The European Environment Agency published its first volume of ‘late lessons’ in 2001. Just over ten years later, the second volume covers a staggering amount of new analysis, including PCE, lead in petrol, tobacco, DBCP, nanotechnology, alien species etc. That we already need a second volume fairly soon after the first, is explained by the fact that warnings from the first volume arguably have not been heeded, and that new technologies are rolled out at staggering speed.

It is impossible to argue for or against specific chapters in the volume on scientific grounds – no doubt others will do it (included vested interests). I flag the report on the blog, for it is a treasure trove for risk management teaching and research. Indeed arguably one could teach an entire course using just the report: for the Agency does not only summarise and report on the science, it also infers risk management choices from the ‘late lessons’ learned. Particularly insightful is the review of 88 cases of ‘false positives’: in contrast with the first volume (which had been criticised for this), the second volume does look into 88 case-studies where precautionary action was alleged to have led to greater actual occurrence of harm, rather than prevent it. The EEA concludes that in only 4 cases, this was indeed the case.

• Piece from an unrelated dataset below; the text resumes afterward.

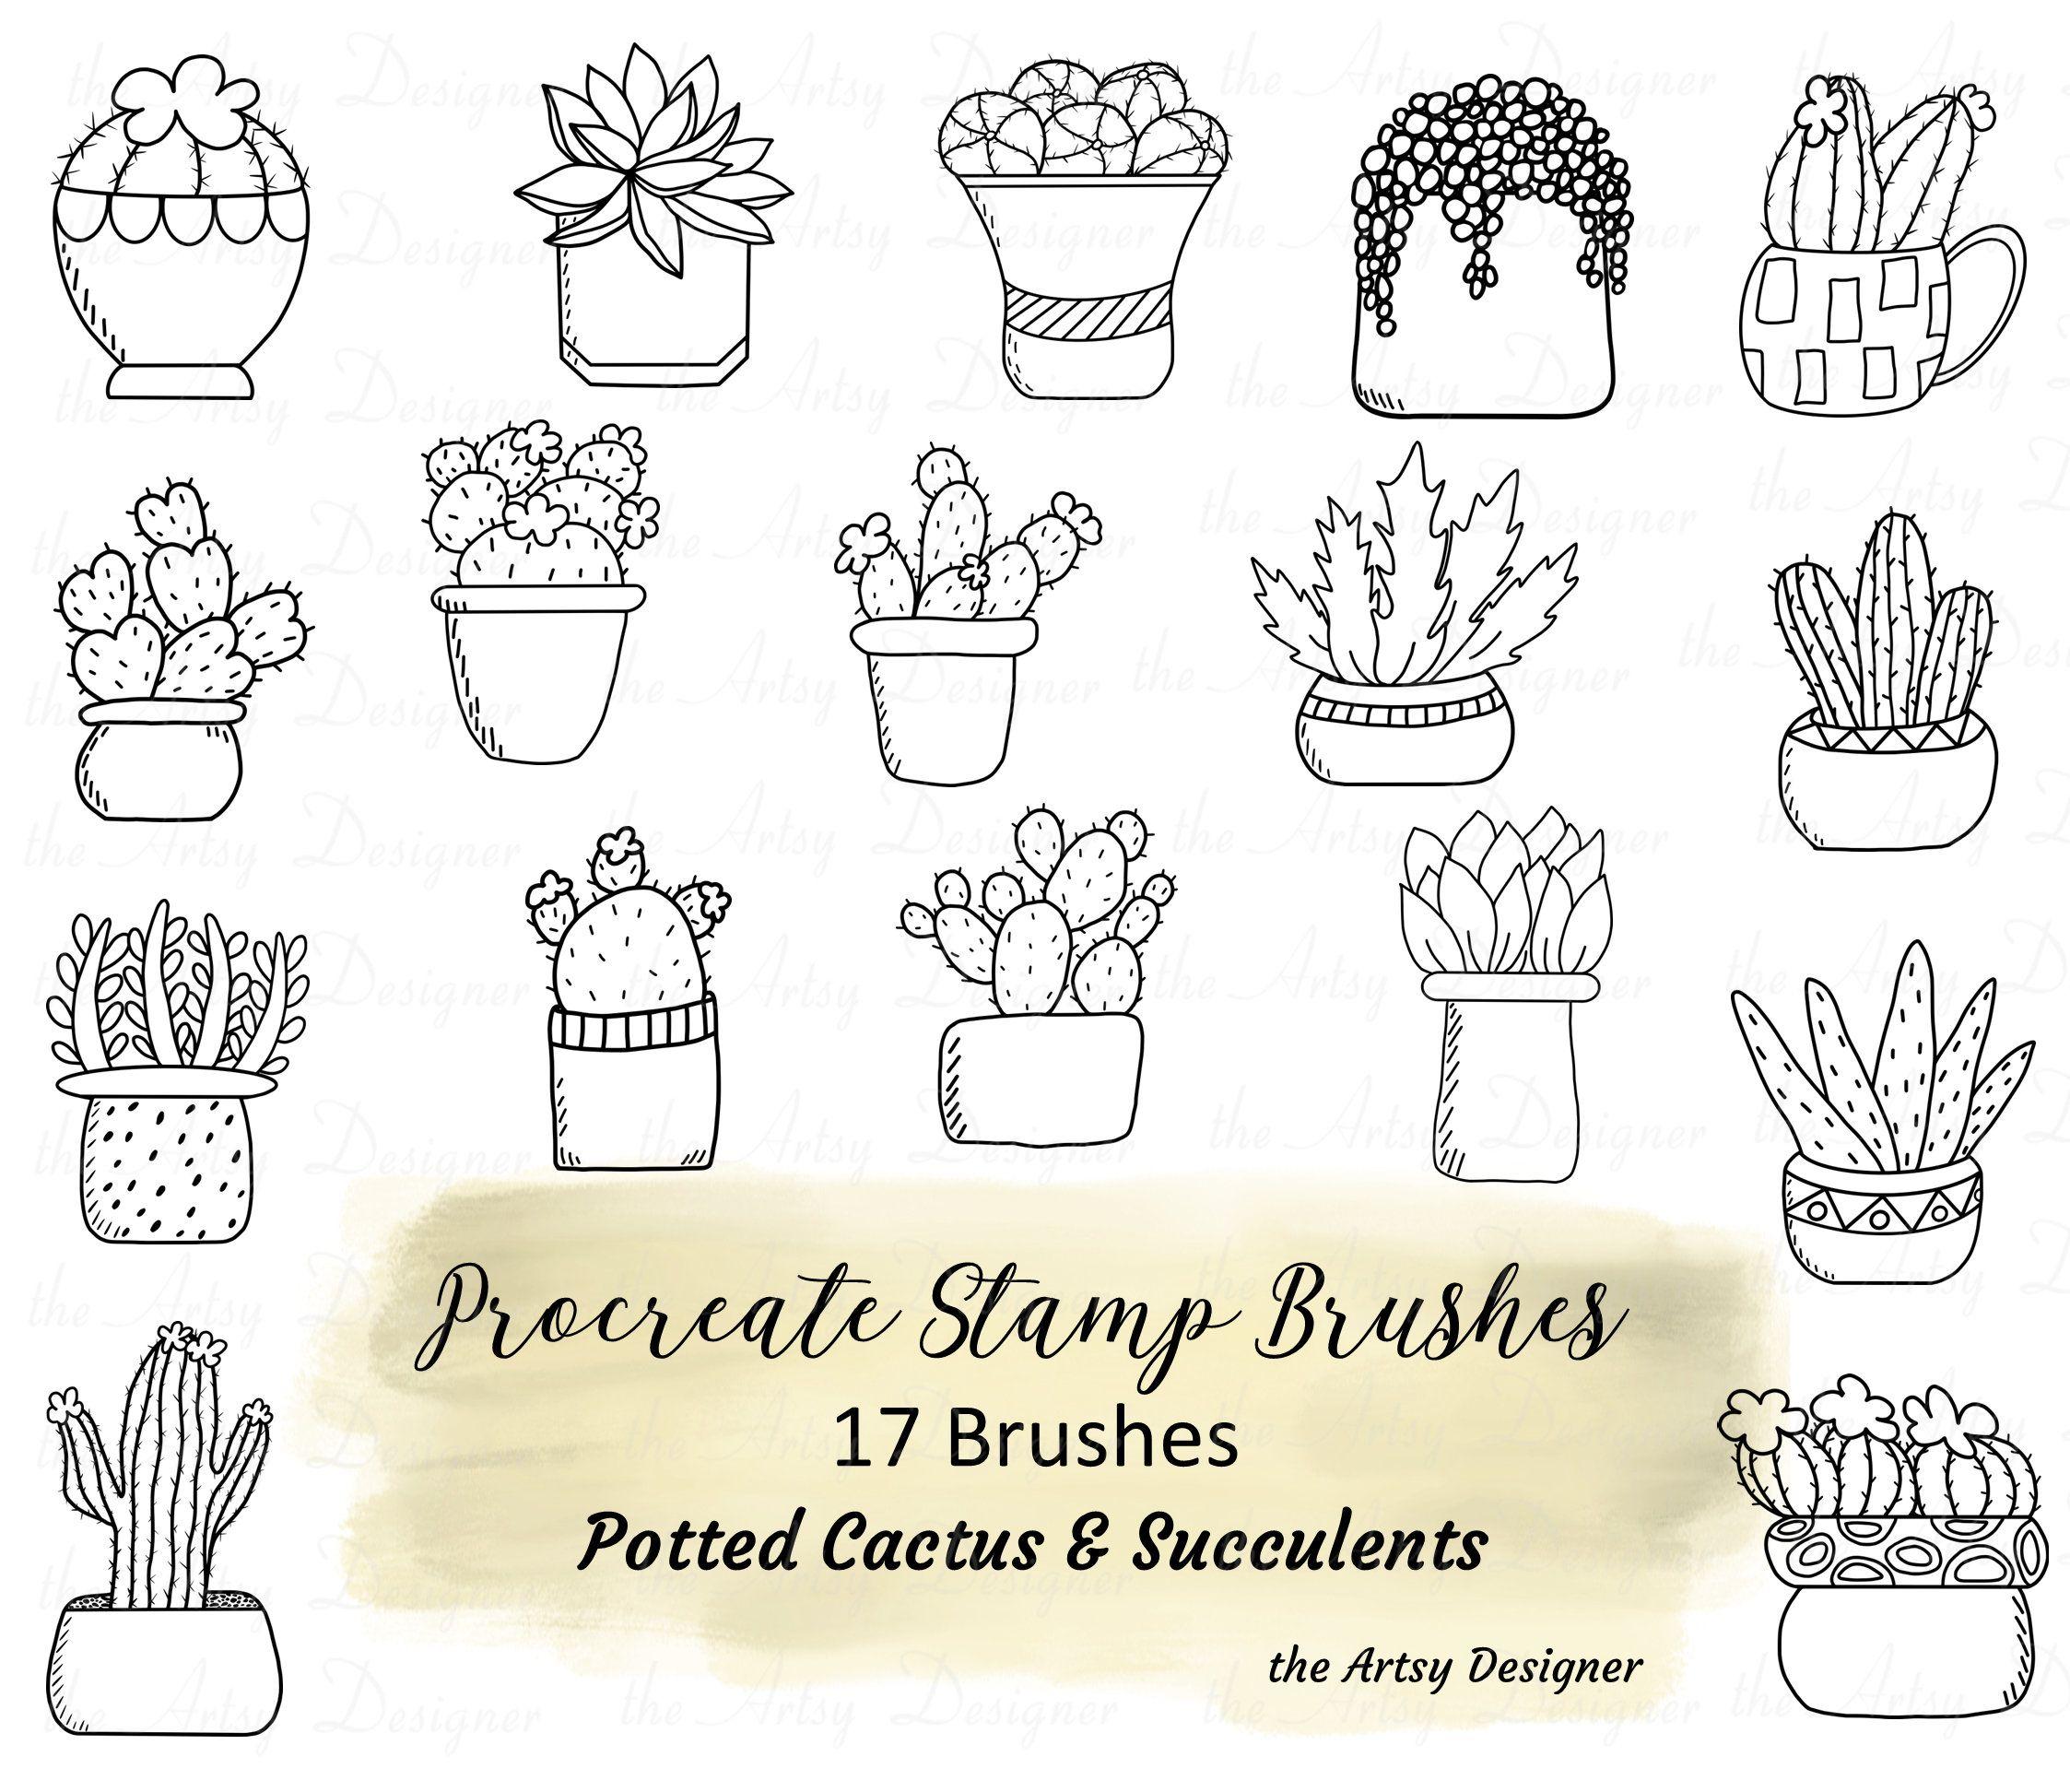 17 Procreate Brushes Bundle Cactus Succulents Lineart Brush Stamps Procreate Stamps Brushes Cacti Potted Plants Brushes Southwest Designs Procreate Brushes Procreate App Procreate

Critics argue that the 88 cases are inevitably selective. They also argue that going back in time, there are many more such examples (which I must say undermines their cause somewhat, for some of the examples quoted effectively go back to the times of witchcraft – or suspicion thereof). One could also argue of course that many developments which never raised suspicion and which have changed human life for the better, are not reported on either. However there is of course no reason why humanity should not be able to adopt an and /and approach: one which encourages harmless technologies as well as protect us from harmful ones. This is not a zero sum game (compensate the misses with the hits): it surely ought to be overwhelmingly positive.

The EEA today, incidentally, in a press release feels vindicated in its stance on neonicotinoids. The European Commission, as a result of a comitology (dont’ ask; this is EU administrative procedure; very very relevant but I shall not explain it here) quirkiness banned three neonicotinoid insecticides from use in the EU, after Member States failed to agree to either adopt or reject the proposal.

Geert.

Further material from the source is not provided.